S’il fallait en retenir une, ce serait le kimono. C’est la pièce maîtresse de la collection, celle qui incarne le mieux ma vision. J’aime sa polyvalence : il peut être porté de différentes façons et s’adapter à des styles et des occasions variés, du quotidien à des moments plus habillés. C’est une pièce intemporelle qui traverse les saisons et les usages. De même, j’ai un attachement particulier au bomber en brocart. Il apporte une dimension plus affirmée à la collection, avec davantage de caractère. Il revisite une silhouette contemporaine en y intégrant une matière riche et un savoir-faire artisanal, créant ainsi un équilibre entre modernité et héritage.
À quel public s’adresse le «Néo Beldi» ? Cherchez-vous à toucher une nouvelle génération de consommateurs ?Le «Néo Beldi» s’adresse à toute la famille et à toutes les générations. J’ai voulu créer une collection dans laquelle chacun peut se reconnaître. Oui, j’ai également à cœur de toucher la jeune génération. Je souhaite qu’elle soit fière de son patrimoine et qu’elle porte le vêtement marocain avec fierté, non seulement lors des grandes occasions, mais aussi dans son quotidien. Pour moi, notre héritage est vivant : il peut évoluer, s’adapter aux modes de vie d’aujourd’hui et parler à toutes les générations. Le «Néo Beldi» est justement cette rencontre entre tradition et modernité. Il montre que le vêtement marocain est intemporel, qu’il peut être revisité sans perdre son identité et qu’il a toute sa place dans le vestiaire contemporain.

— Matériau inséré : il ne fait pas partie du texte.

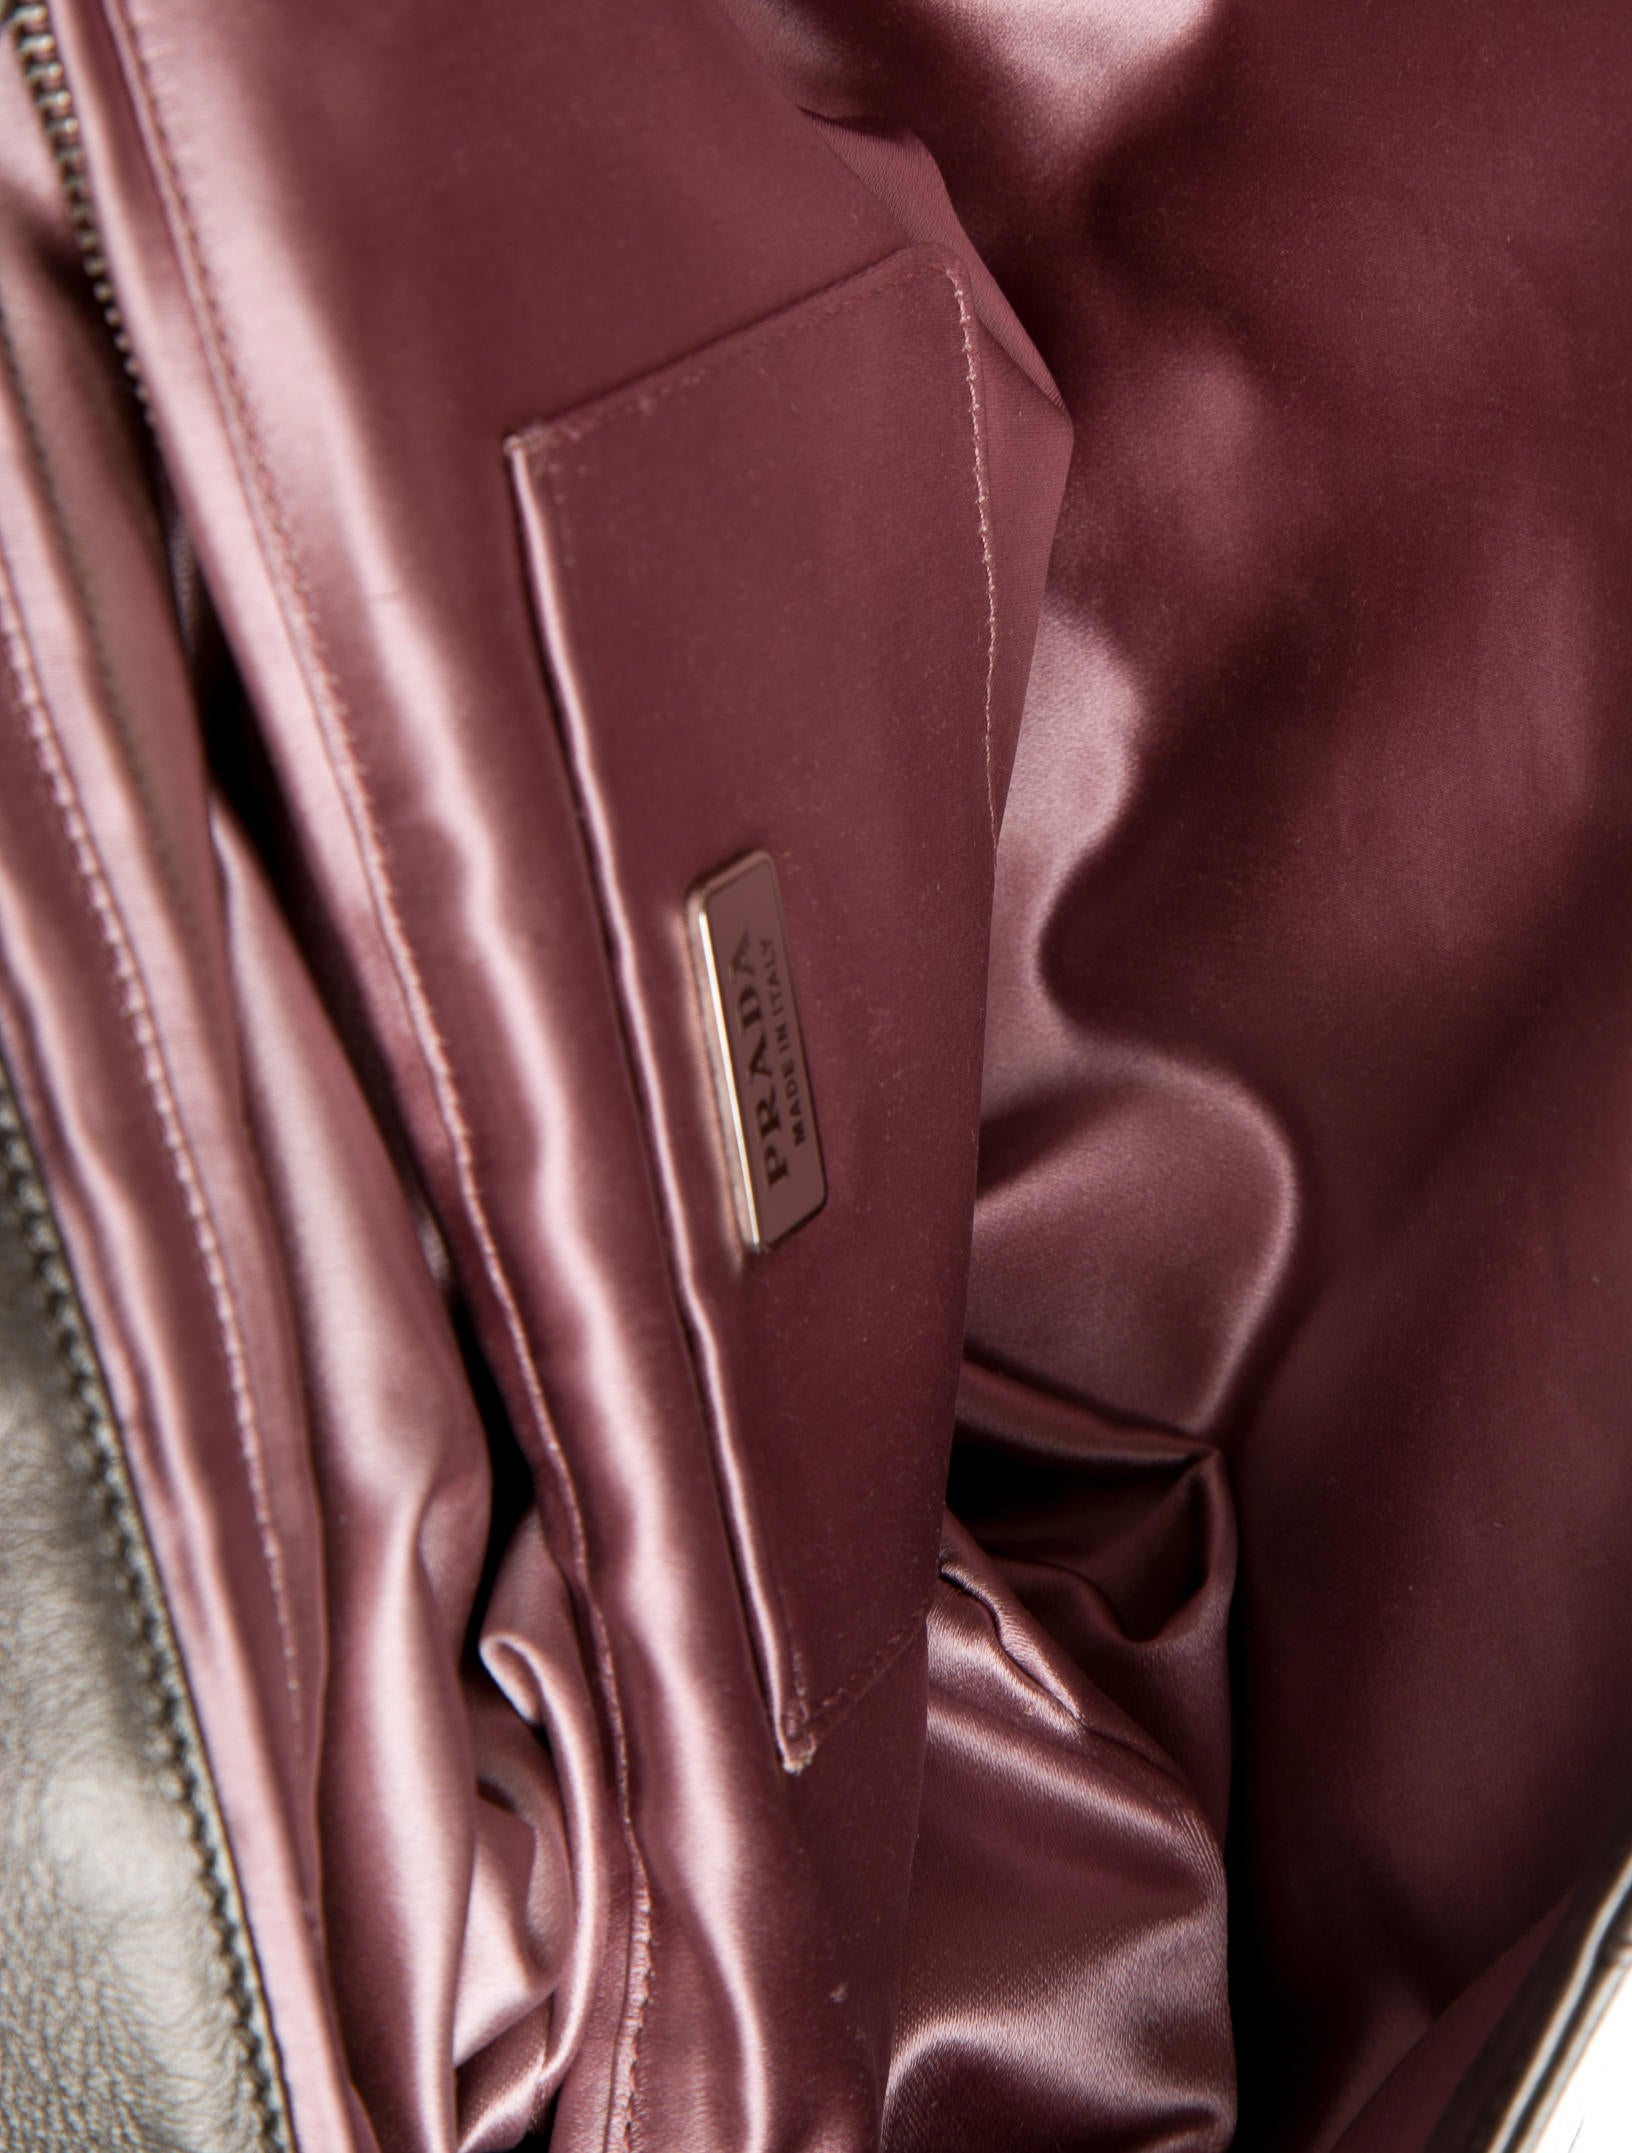 prada inspired bag - Prada Nappa Stripes Large Clutch - Handbags - PRA83445 | The RealReal

Diamantine accompagne les jeunes créateurs. En quoi cette démarche peut-elle contribuer au renouvellement de la mode marocaine ?Je pense que soutenir les jeunes créateurs est essentiel pour faire évoluer la mode marocaine. Notre patrimoine est une formidable source d’inspiration, il mérite d’être réinterprété par de nouvelles générations, avec leur créativité et leur vision du monde. C’est dans cet esprit que nous avons lancé, en partenariat avec une école de renom, un concours dédié aux jeunes talents. Cette initiative leur offre une véritable opportunité d’exprimer leur créativité, de mettre en avant leur savoir-faire et de bénéficier d’un accompagnement concret. Le lauréat présentera très bientôt sa propre collection, et je trouve cela particulièrement important. Donner leur chance aux jeunes créateurs, c’est investir dans l’avenir de la mode marocaine, encourager l’innovation tout en valorisant notre héritage, et permettre à de nouvelles voix d’écrire le prochain chapitre de notre création.
Pensez-vous que cette nouvelle vision du vêtement marocain puisse renforcer le rayonnement du savoir-faire national, au Maroc comme à l’international ?Oui, j’en suis convaincue. Le savoir-faire marocain est d’une richesse exceptionnelle et il mérite d’être vu, porté et reconnu bien au-delà de nos frontières. En proposant une vision plus contemporaine du vêtement marocain, on montre qu’il est à la fois ancré dans son histoire et parfaitement adapté aux modes de vie d’aujourd’hui. Cela permet de toucher une nouvelle génération, au Maroc comme à l’international, tout en mettant en lumière le travail remarquable de nos artisans.
Pour moi, le rayonnement de la mode marocaine passe par cet équilibre : préserver l’authenticité de notre héritage tout en l’inscrivant dans une création actuelle, capable de dialoguer avec le monde.